(FF — sr) — La Fanfare de la Ville de Romont avait choisi l’église de Mézières pour cadre de son concert de l’Avent. Dimanche soir dernier, un nombreux public avait répondu nombreux à l’invitation de la société organisatrice et se pressait dans les bancs de l’édifice.
En ouverture de concert, la fanfare des Cadets, une bonne vingtaine de musiciens, sous la direction de M. Simon Sulmoni, interpréta quatre pièces, dont deux de circonstance, «Silent Night » qui mit l’auditoire dans l’ambiance de Noël et « Rock the Bells » une variation jazz sur le thème de « Jingle Bells ».
En deuxième partie de la soirée, le public découvrit le choeur «Utopie ». Formé d’une quinzaine de jeunes de 14 à 20 ans, de la région, cet ensemble choral a vu le jour durant l’été dernier.
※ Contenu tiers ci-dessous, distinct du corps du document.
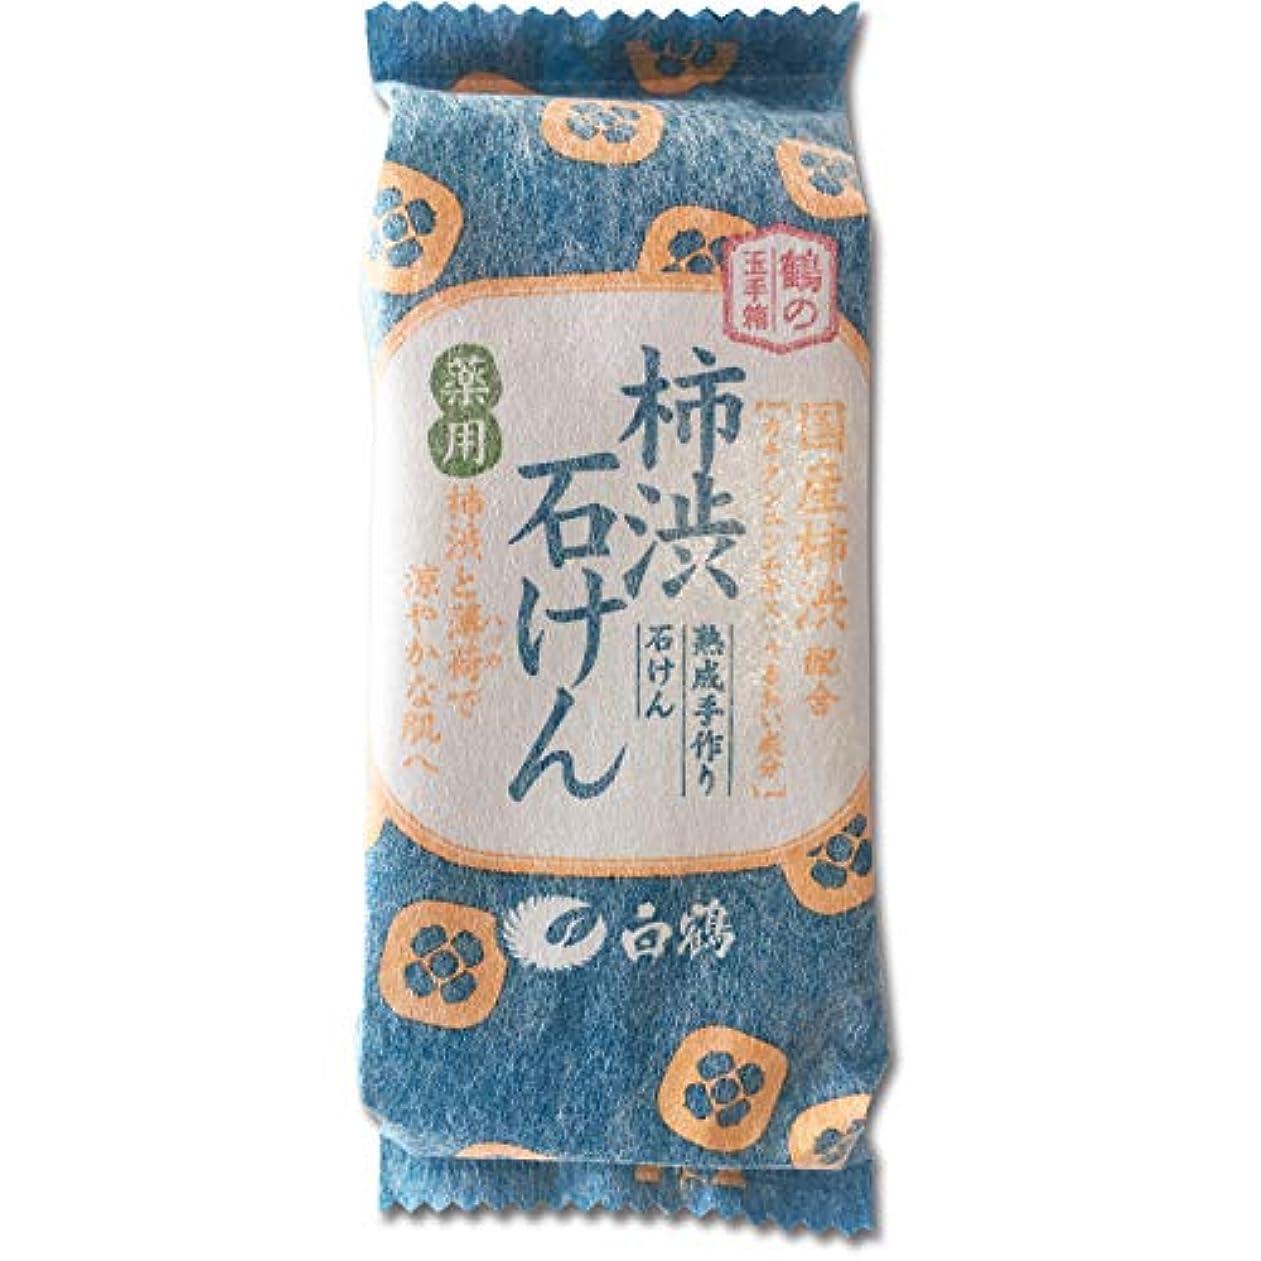 永久に女の子チキン白鶴 鶴の玉手箱 薬用 柿渋石けん 110g (全身用石鹸)

Il est dirigé par un jeune chef, Gonzague Monney, de Lussy.
Bien que très jeune encore, ce choeur a envoûté le public qui pour ses six productions inscrites au programme a été rappelé trois fois. Ce résultat prometteur est le fruit d’un travail assidu. Maniant aussi bien l’anglais et le patois que le français, Utopie a régalé le public avec des partitions populaires, telles le « Méli-mélo» du Chanoine Bovet - dont on célèbre actuellement le 50e anniversaire de son décès - qui rencontra un grand succès auprès du public, ou encore un pot-pourri de rengaines chantées en canon, avec une grande maîtrise. Un concert de l’Avent ne se conçoit pas sans quelques mélodies de Noël et ce furent un noël alsacien, dans un arrangement de Gustave Doret d’après une mélodie ancienne, exécuté tout en finesse, et « les anges dans nos campagnes » avec accompagnement d’un quatuor de cuivres de la fanfare, moment émouvant associant choeur, musiciens et public à l’unisson.
Il appartenait à la fanfare de Romont de terminer ce concert. Après « The Last Spring » (le dernier printemps) de Grieg, partition dans laquelle le compositeur norvégien évoque la fonte des neiges et le gazouillement de l’eau qui s’écoule, l’ensemble romontois interpréta une composition toute en puissance de Jacob de Haan «Ross Roy » ainsi que le morceau de choix qu’il présentera à la prochaine fête fédérale de Fribourg, « Spirit of Indenpendence » de Jan van der Roost, pièce à l’écriture très moderne, dans laquelle les difficultés ne manquent pas. Autre pièce au programme, la barcarolle de Tchaikovsky qui a servi de musique pour le film l’Ours. Point final à ce concert, «Jingle BeIls>’ (Vive le vent) dans une harmonisation de Naohiro lwai, souleva l’enthousiasme du public qui en redemanda. La cerise sur le gâteau, ce fut le célèbre «Stille Nacht”, auquel le public s’associa.
Deux ans durant, la fanfare a été associée au concert de l’Avent donné par la Rose des Vents. L’an dernier, la société se produisit aussi à Mézières, village dont sons issus plusieurs de ses membres. Ce concert deviendrait-il dès lors une tradition. On ne peut que l’espérer.